Elucidating the physiological adaptation of loss of retinoblastoma protein in conjunction with hypoxia in neuroblastoma cells.

Neuroblastoma is a malignancy of multipotent embryonic neural crest cells and is the most common cancer in infancy. Since neuroblastoma tumours originate from immature sympathetic cells called neuroblasts, the effect of hypoxia on these cells is of great significance. Low oxygen pressure (hypoxia) is a physiological condition that facilitates increased malignancy and tumour progression in several solid cancers. Hypoxia Inducible factors (HIF)-1 and HIF-2 and their dimerization partner TRIP230 are the principle transcriptional regulators of the hypoxic response. Our group has previously shown that the tumour suppressor retinoblastoma protein (Rb) acts as a transcriptional repressor of hypoxia by its ability to associate with HIF-1. The role of loss of Rb in facilitating the hypoxia related-genetic programs has yet to be studied in neuroblastoma.
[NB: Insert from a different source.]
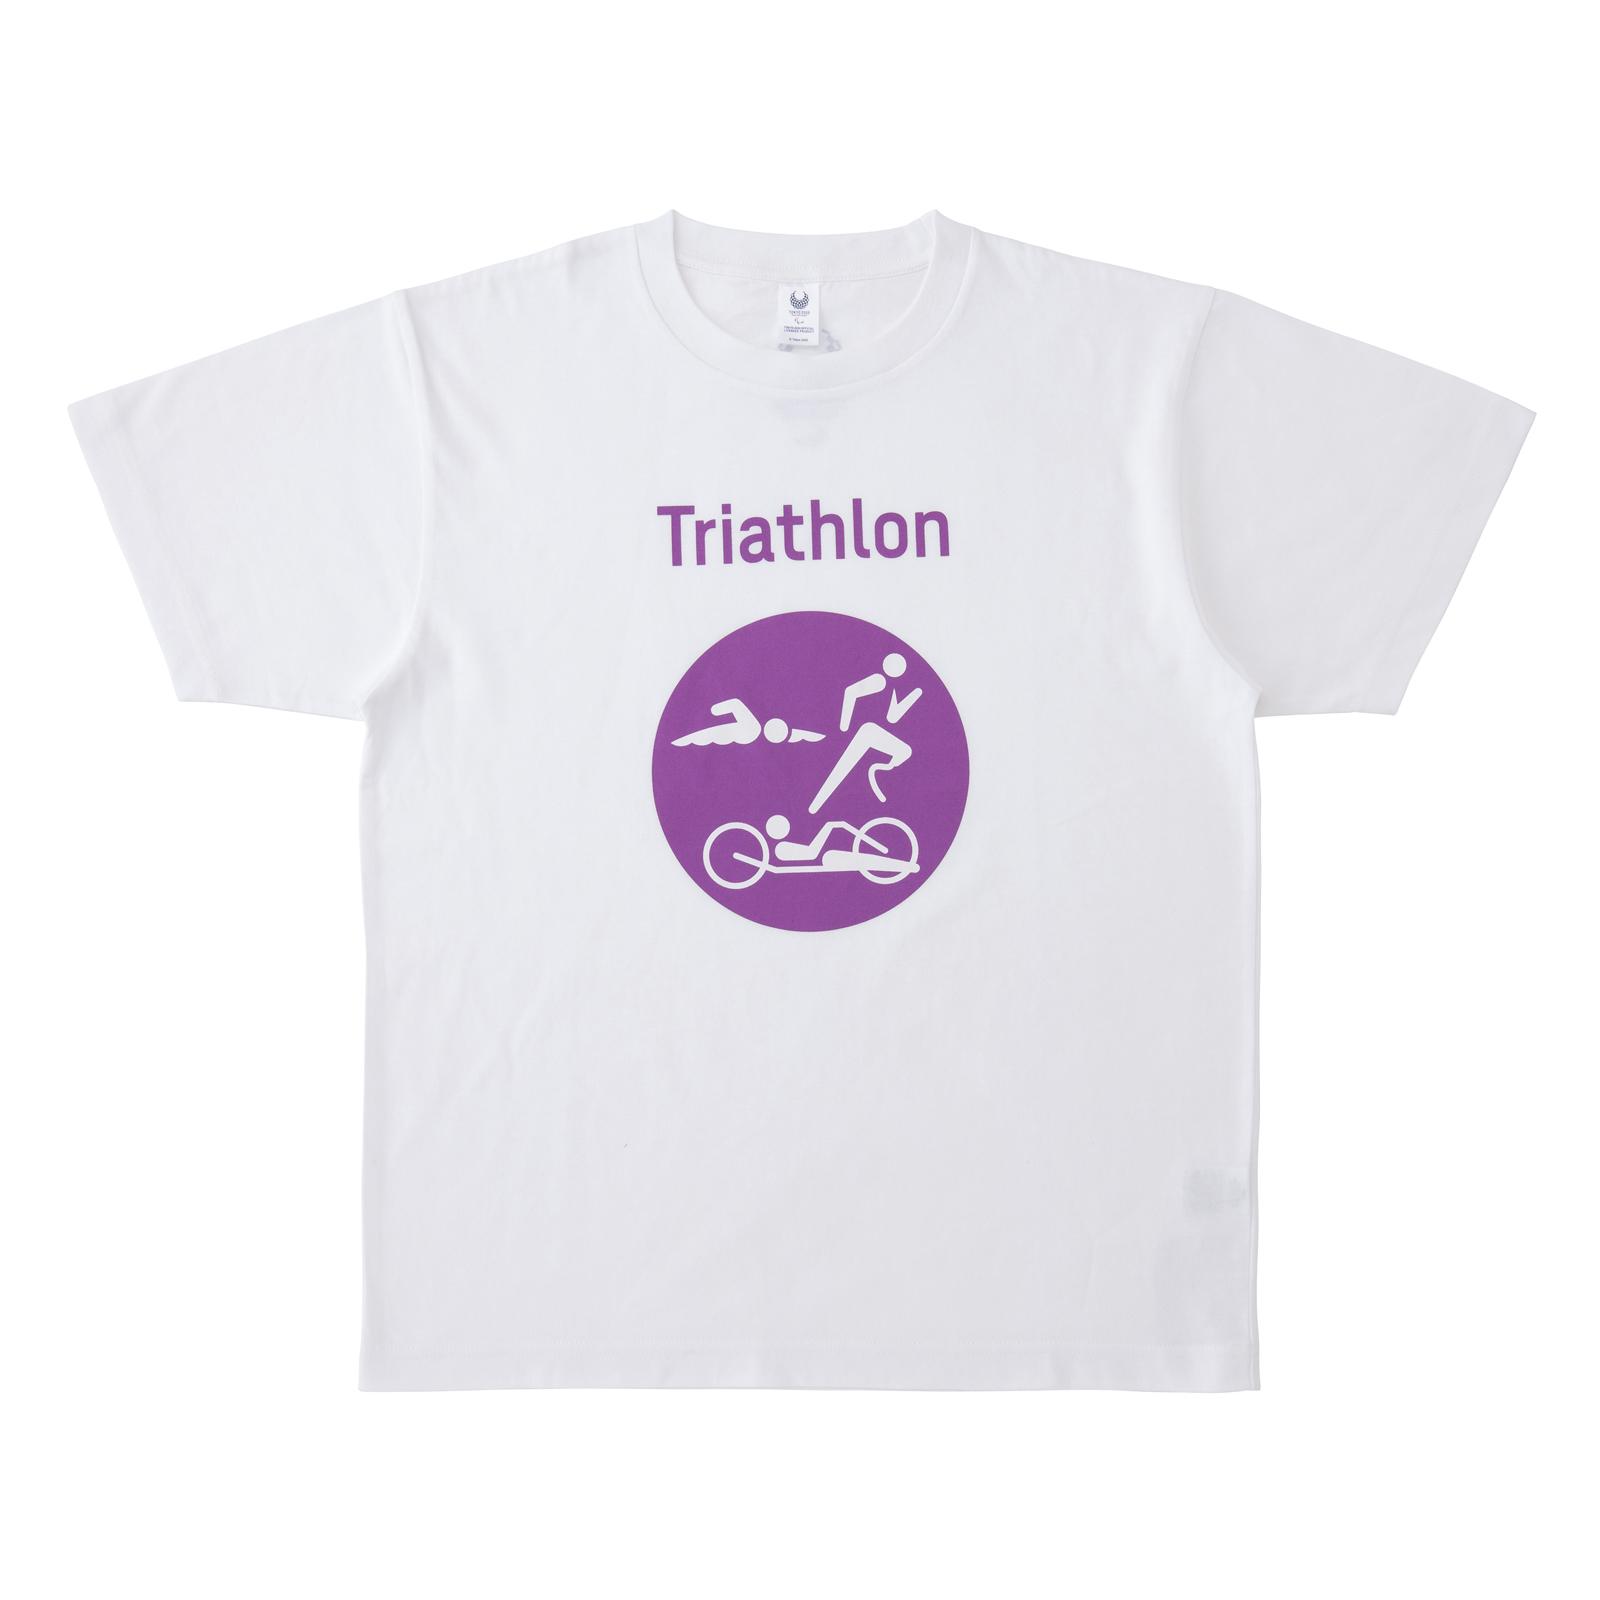 Tシャツトライアスロン(東京2020パラリンピックスポーツピクトグラム)

We used CRISPR-Cas9 technologies to genetically knock-out Rb expression in two non MYCN amplified neuroblastoma cell lines, SH-SY5Y and SK-N-AS. We used a microarray platform to compare the steady-state expression levels of mRNA from these two cell lines to determine aberrant expression of hypoxia related genetic programs that increase cell motility and invasion and promote metastasis. Using migration assays, qRT-PCR and Western blot analysis we have identified multiple genes whose expression is significantly upregulated with the loss of Rb in conjunction with hypoxia. The identification and characterization of these genes could provide the basis for developing novel therapies and new diagnostic markers for treatment for children with non-MYCN amplified neuroblastoma.